Pakistán situado al sur de Asia con una extensión de 803,940km2 tiene una posición geoestratégica que lo sitúa permanentemente en una situación delicada con sus vecinos que a veces lo pone a bordo del abismo, aunque también le brinda oportunidades. Ciertamente, al este tiene frontera terrestre con Irán, un país convulsivo que busca a toda costa consolidar su papel hegemónico en varios países de la región y cuya carrera nuclear puede volver a reanudarse tras la salida del pacto nuclear de 2015 que le suponía el levantamiento de sensaciones a fin de limitarlo a propósitos no militares; al noreste la frontera es con China que tiene un camino fijado para “conquistar” al mundo; al este con India, su histórico archirrival y al noreste con el movedizo Afganistán, que acumula décadas sumido en conflictos, Pakistán ha comenzado a construir una valla en su disputada frontera con esta última nación en las zonas tribales del noroeste para evitar la entrada de terroristas. El sur de Pakistán es una zona costera sobre el Mar Arábigo; también al noreste se encuentra dentro de el territorio de Cachemira, en disputa por Pakistán, China e India.

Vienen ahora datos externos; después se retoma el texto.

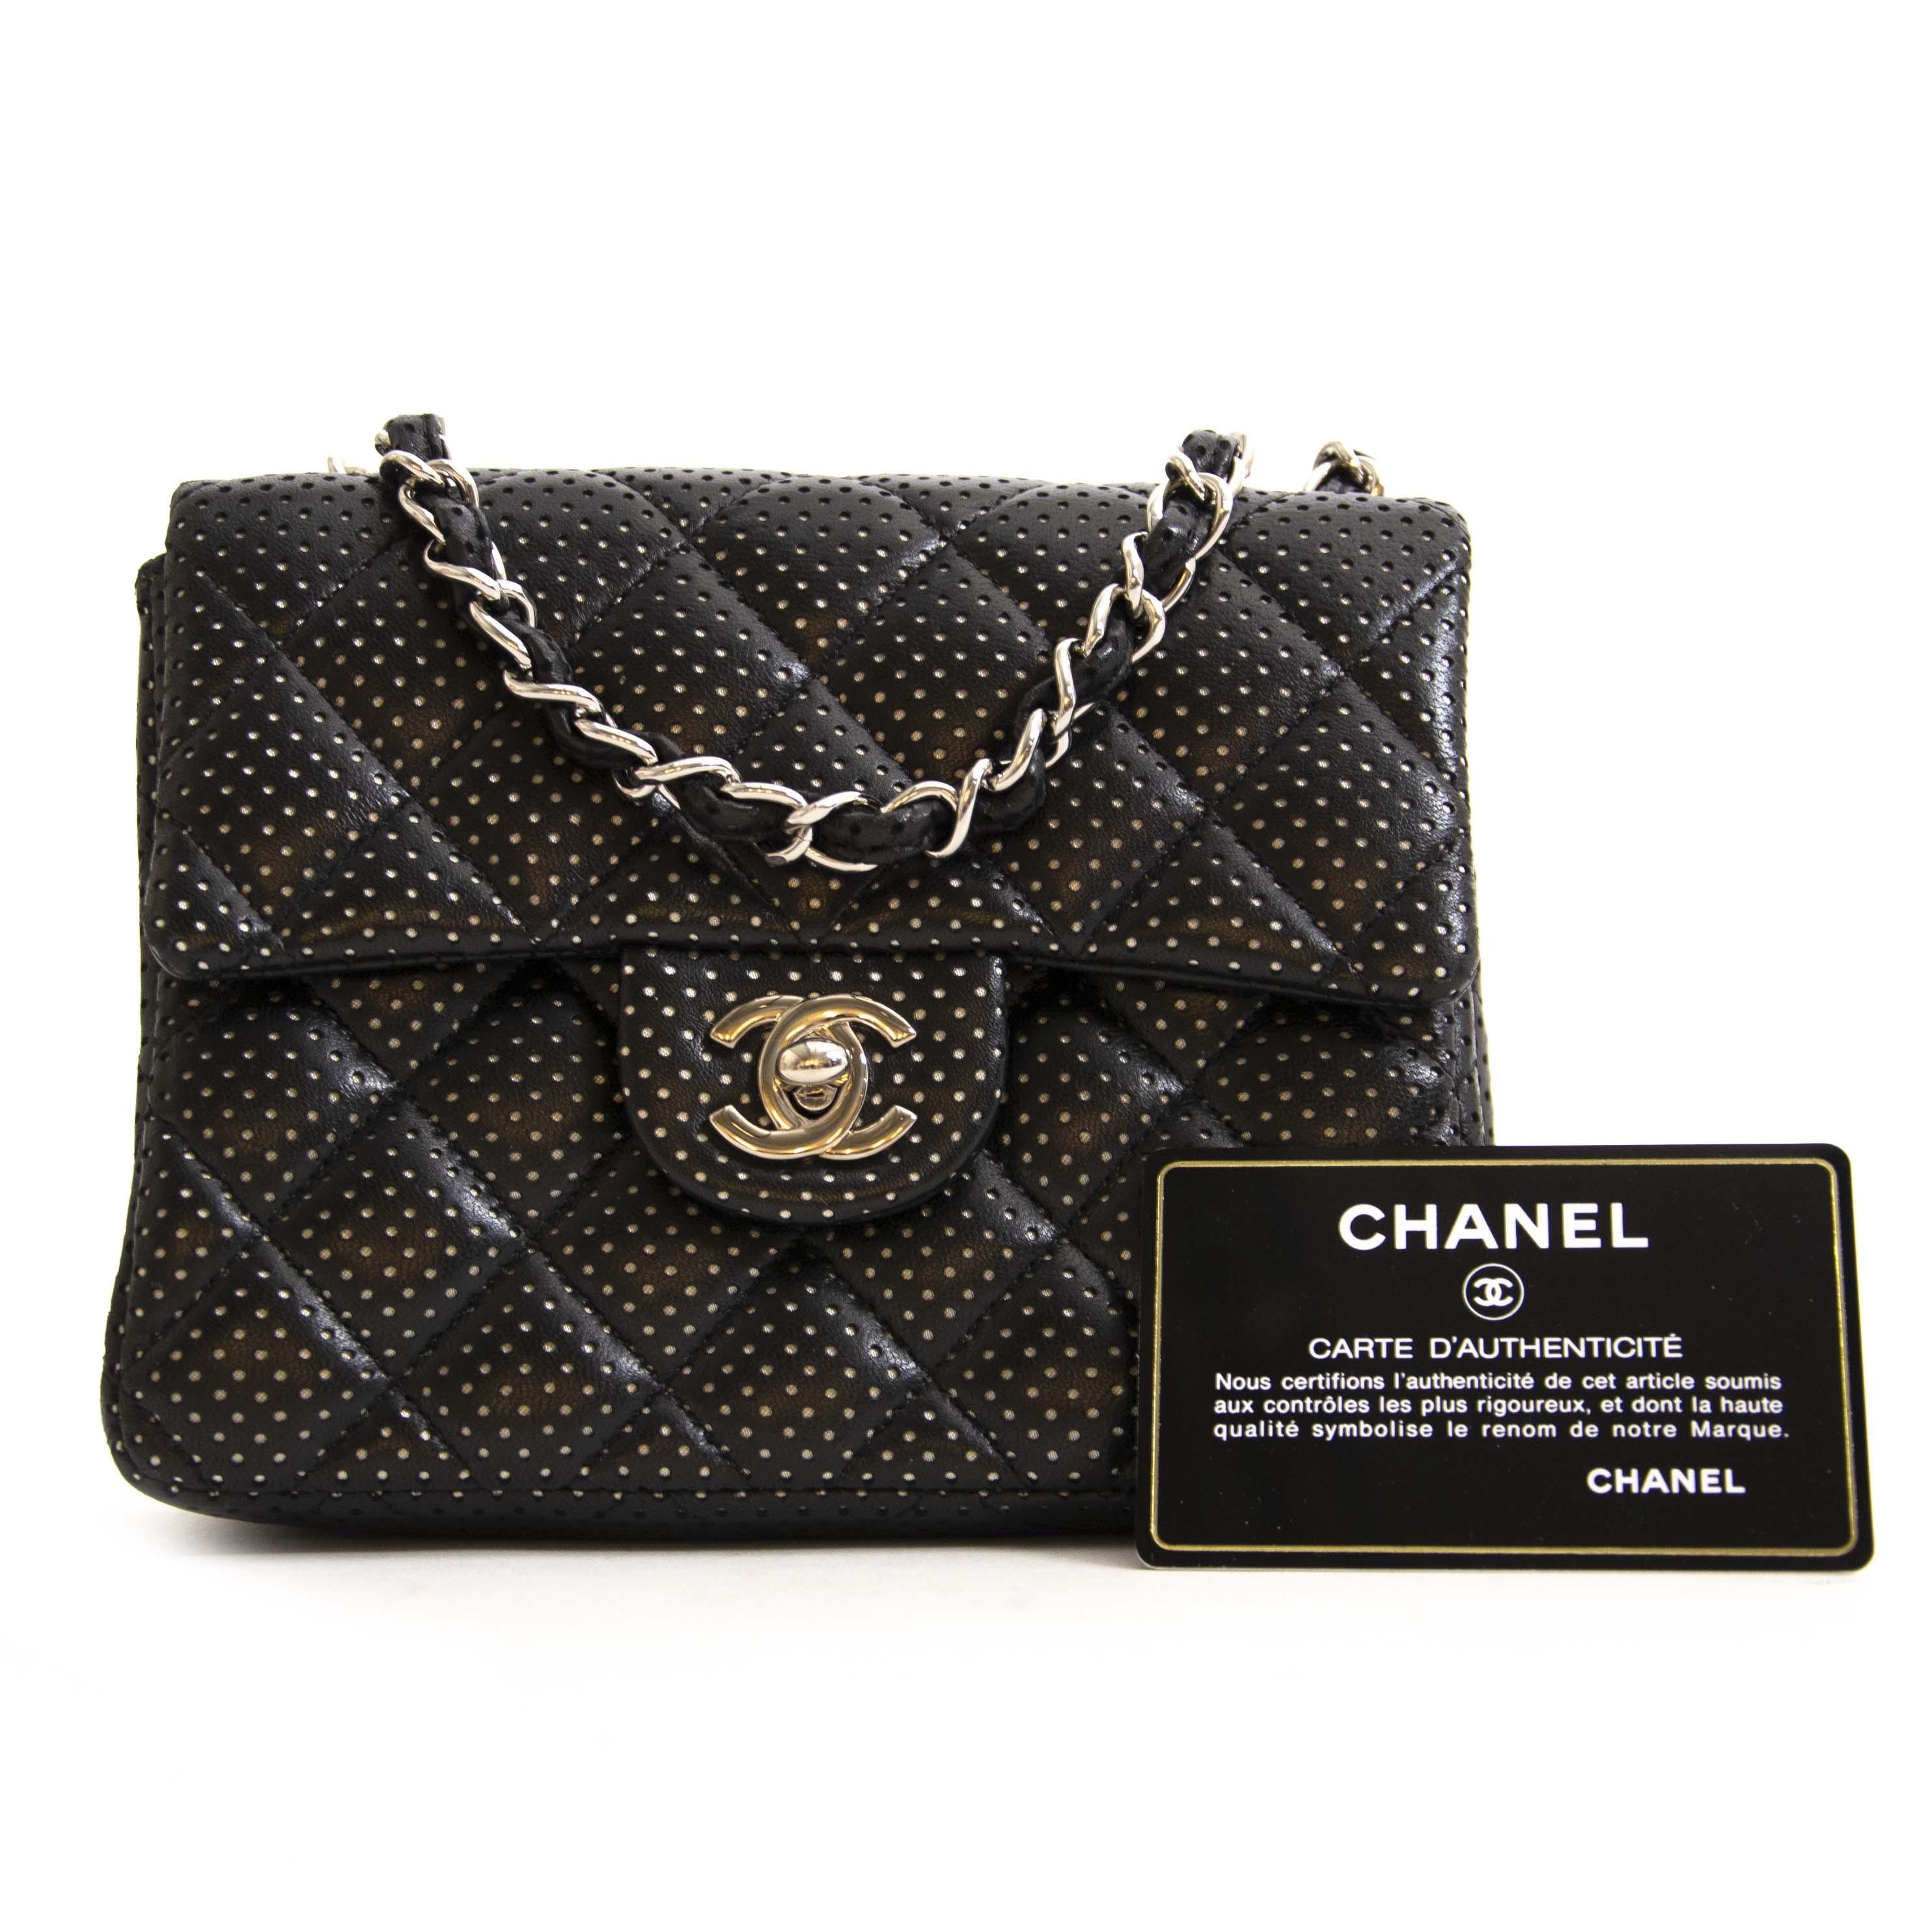 7ed4fdd3106ee5 ... Authentique seconde main Chanel Mini Square Perforated Quilted Bag  achète en ligne webshop LabelLOV

Pakistán tiene una población de 200 millones, es el sexto país más poblado del mundo, y su capital, Islamabad, supera 1.3 millones. Su PIB sumó 1,370 mil millones de euros en el 2017 y su PIB per cápita 1,370 euros ese año, posición 141 de 196 países, indicativo de un bajo nivel de vida de la población. La esperanza de vida es también relativamente baja 67 años, y existe una percepción generalizada de un alto nivel de corrupción en el gobierno.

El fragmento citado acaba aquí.